Similarly, Bluestone draws a parallel with the transformation in attitudes to people with disabilities that has come about over recent decades—and key to that was a clear expression of freedom from discrimination on the ground of disability as being a fundamental human right, set into international law. The same will be required to tackle ageism, he reckons. This will require pressure on politicians, even those ‘elder statesmen’.

“It’s fully within our grasp to reframe things. It’s going to happen from increased awareness, but that’s some way off because we still don’t yet take discrimination because of age seriously,” he notes. “We constantly allow ourselves to reinforce negative perceptions, which you quickly realise if you imagine swapping out language used regarding age for, say, skin colour or religion. And ageism requires the same response to tackle those prejudices.”

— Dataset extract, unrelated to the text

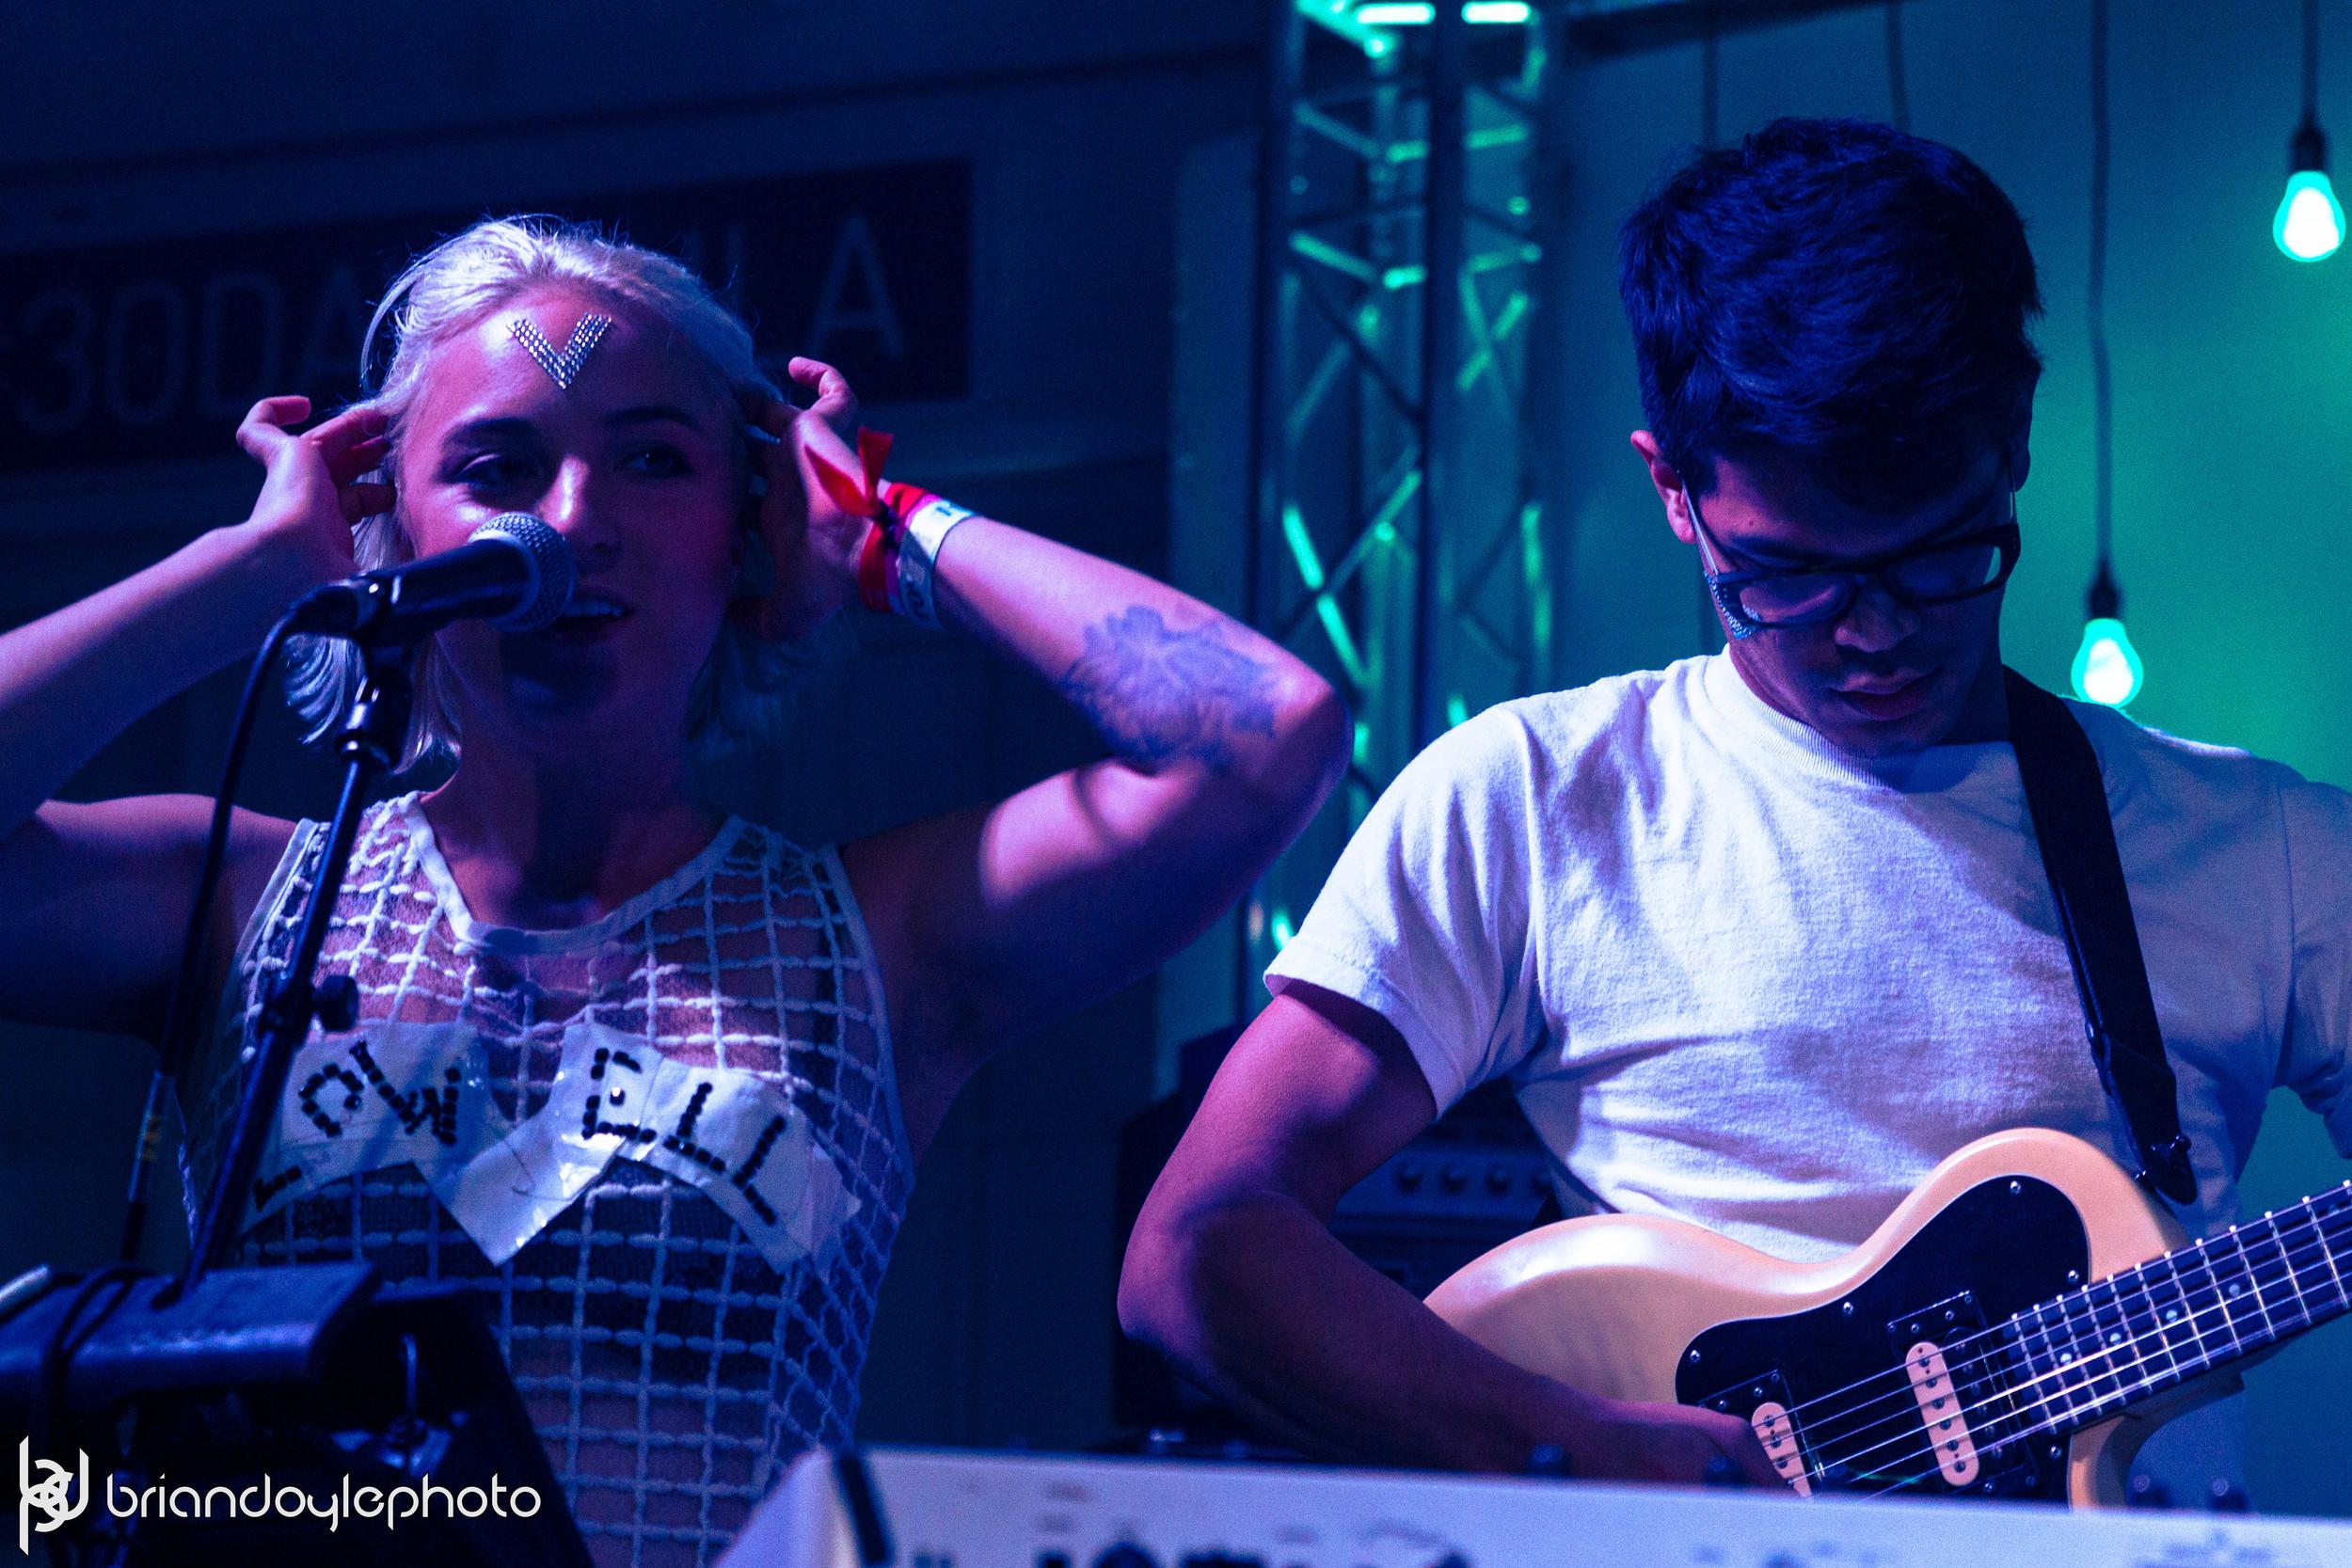 Red Bull - Dum Dum Girls, Tropicana and the Flea, Lowell @ The Well 2014.11.16-5.jpg
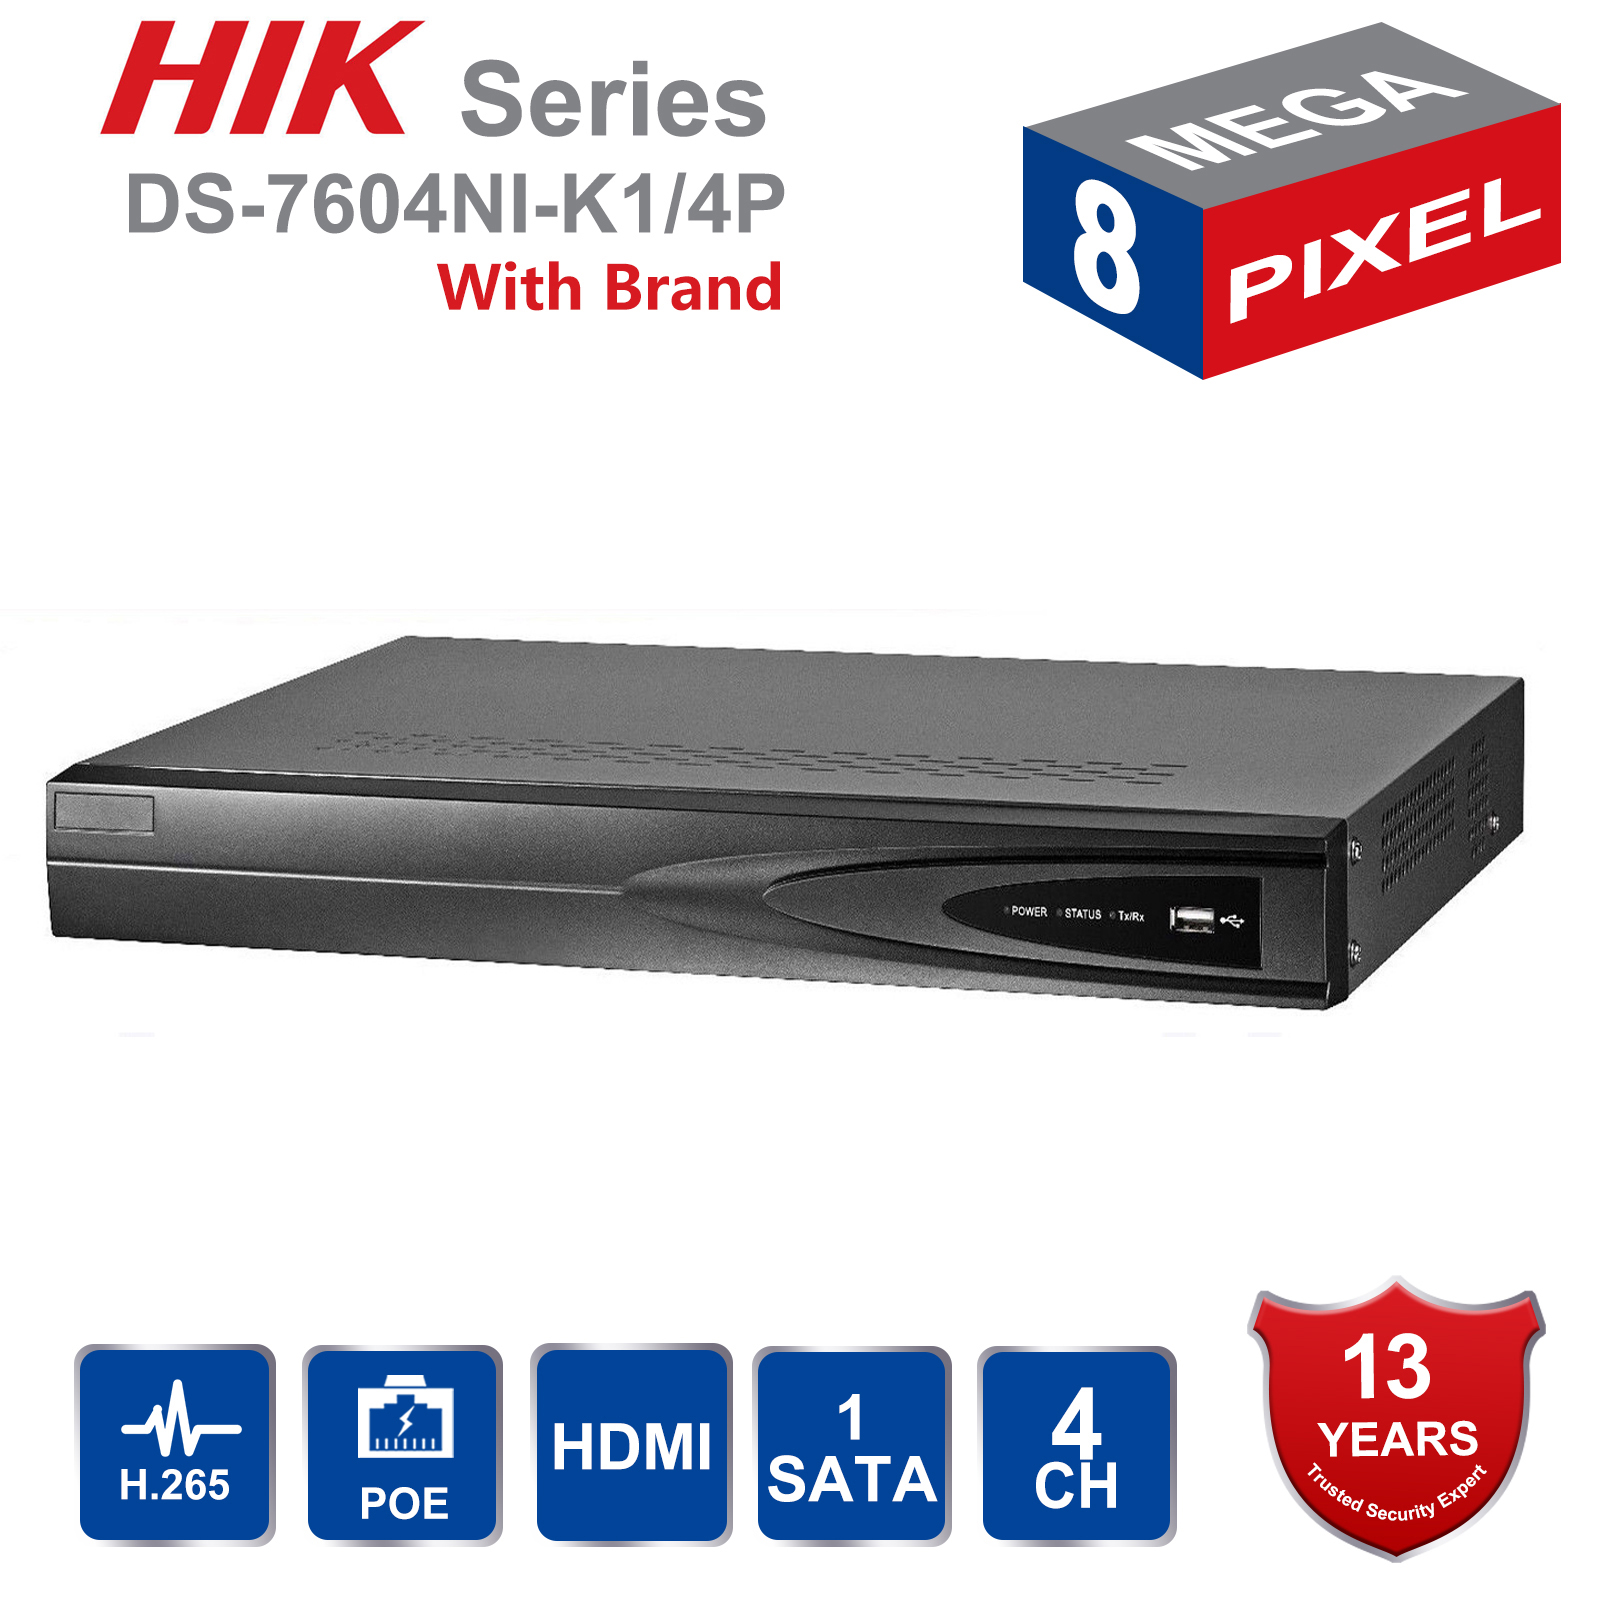 Hik Originale Inglese 4CH PoE NVR DS-7604NI-K1/4 P 4 Canali Embedded Plug Gioca 4 K NVR con 4 porte PoE per la Macchina Fotografica IP CCTV SistemaHik Originale Inglese 4CH PoE NVR DS-7604NI-K1/4 P 4 Canali Embedded Plug Gioca 4 K NVR con 4 porte PoE per la Macchina Fotografica IP CCTV Sistema

“Things are getting better, slowly. You see more older actors and actresses capturing the true experience of ageing now. There’s more positive representation of older age and that will be crucial in improving attitudes over the longer term,” reckons Patti Temple Rock, author of I’m Not Done, a book examining ageism in the workplace. She herself experienced being sidelined in her job, despite her eminent capabilities and track record; she pushed back, at which point her boss asked her ‘just how long do you want to work anyway?’.
“But that change will come only over the longer term,” she stresses. “Every time I turn on the TV or look in a magazine, invariably it’s still full of young, beautiful people. Even greeting cards reveal how it’s still ok to make fun of being ‘over the hill’. People who are in their 50s and 60s now—and who have maybe subconsciously bought into the stereotype themselves— could be doing more to educate younger people by owning the age we are and showing that the conception we have of certain life stages is outdated.”
That’s what David Stewart keeps telling the Fortune 500 companies now beating a path to his door, desperate to find out just how to talk to these people; these people who, despite merely having lived more rather than less of their lives, who otherwise feel inside much as they did when they were 30, who still laugh, love, play, ponder, hope, and even covet now as they did before, have been given this strange, isolating designation: ‘old’.
“Until recently, old people were the anti-market—the one no brand, no company wanted to be associated with,” he says. “What everyone needs to grasp is that to be ageist is to hate your future self. My age is 60. That’s a fact. But why should that come with any negative connotations? Why is it that these days people can tell someone all about, say, their sexuality, but they can’t talk about their age? It’s weird.”